O delegado disse também que o suspeito possui uma longa ficha criminal e que estava preso até dois meses antes do assassinato. "O preso tem diversas passagens criminais, notadamente crimes contra o patrimônio. Ele já responde a inúmeros processos por roubo a veículo, roubo a transeunte.
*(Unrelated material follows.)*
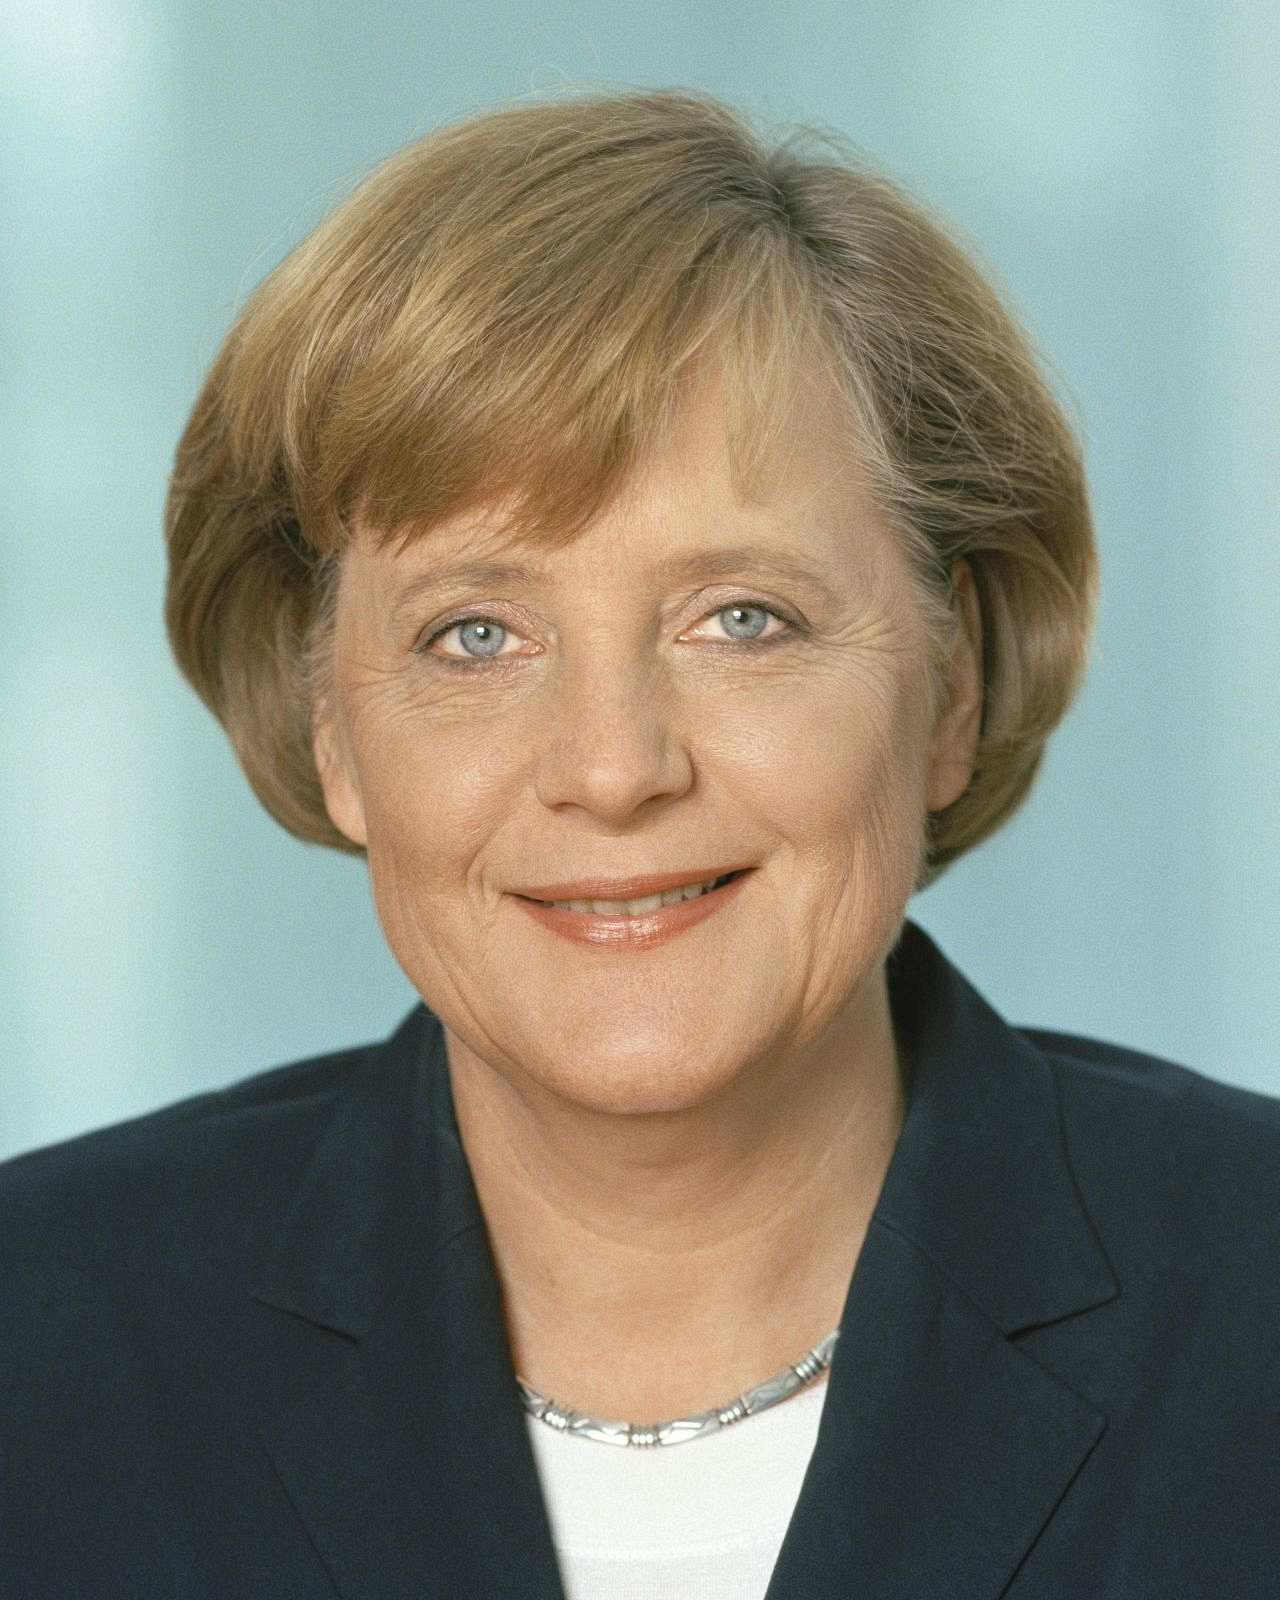 Offizielles Porträt von Angela Merkel, Bundeskanzlerin der Bundesrepublik ...

Vale ressaltar que ele estava beneficiado por alvará judicial, expedido em maio de 2020. Em julho de 2020, dois meses depois, ele executou a vítima".
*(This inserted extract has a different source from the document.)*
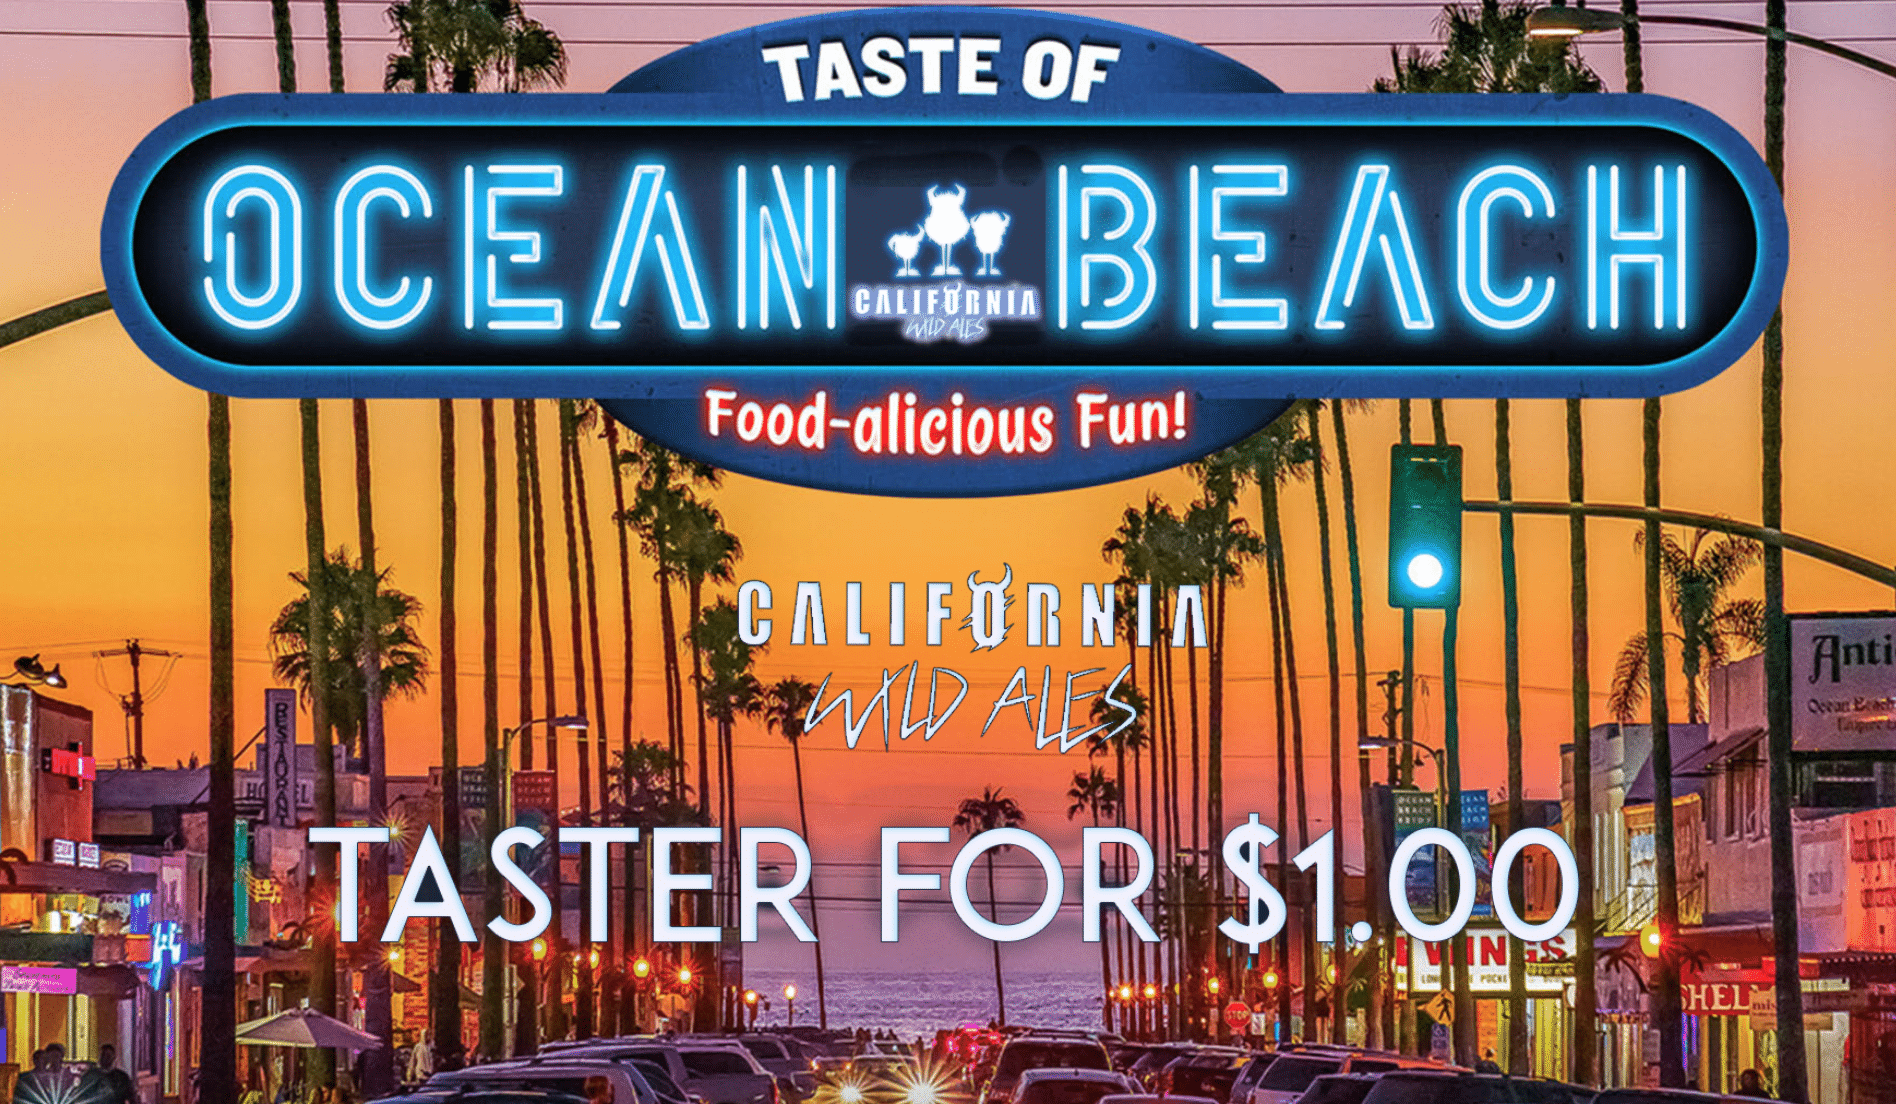 Taste of Ocean Beach

Ainda de acordo com Eduardo Khaddour, o homem admitiu que estava sob efeito de drogas no momento em que assassinou Sérgio Blank. "Ele confessou que, desde a madrugada anterior, já estava usando substância entorpecente e que era viciado especificamente em crack", frisou o delegado.

O escritor tinha 56 anos e era conhecido no Espírito Santo por suas poesias e livros publicados. Sérgio Blank ocupava a cadeira número 9 da Academia Espírito-Santense de Letras. Para o delegado-geral da Polícia Civil do Estado, José Darcy Arruda, a prisão é uma importante resposta à sociedade.

"Foi uma prisão extremamente importante para que não paire na sociedade a sensação de impunidade. Uma prisão que representa uma resposta pelo crime que ele praticou. Um crime bárbaro. Matou pela asfixia, que é uma crueldade por parte dele. Isso faz com que ele responda, a princípio, por um homicídio qualificado, com pena de 12 a 30 anos. E se consumar, verdadeiramente, que a intenção dele era patrimonial, como está se direcionando a investigação, ele responderá por latrocínio, e a pena hoje é a pena máxima do Código Penal, de 40 anos", destacou Arruda.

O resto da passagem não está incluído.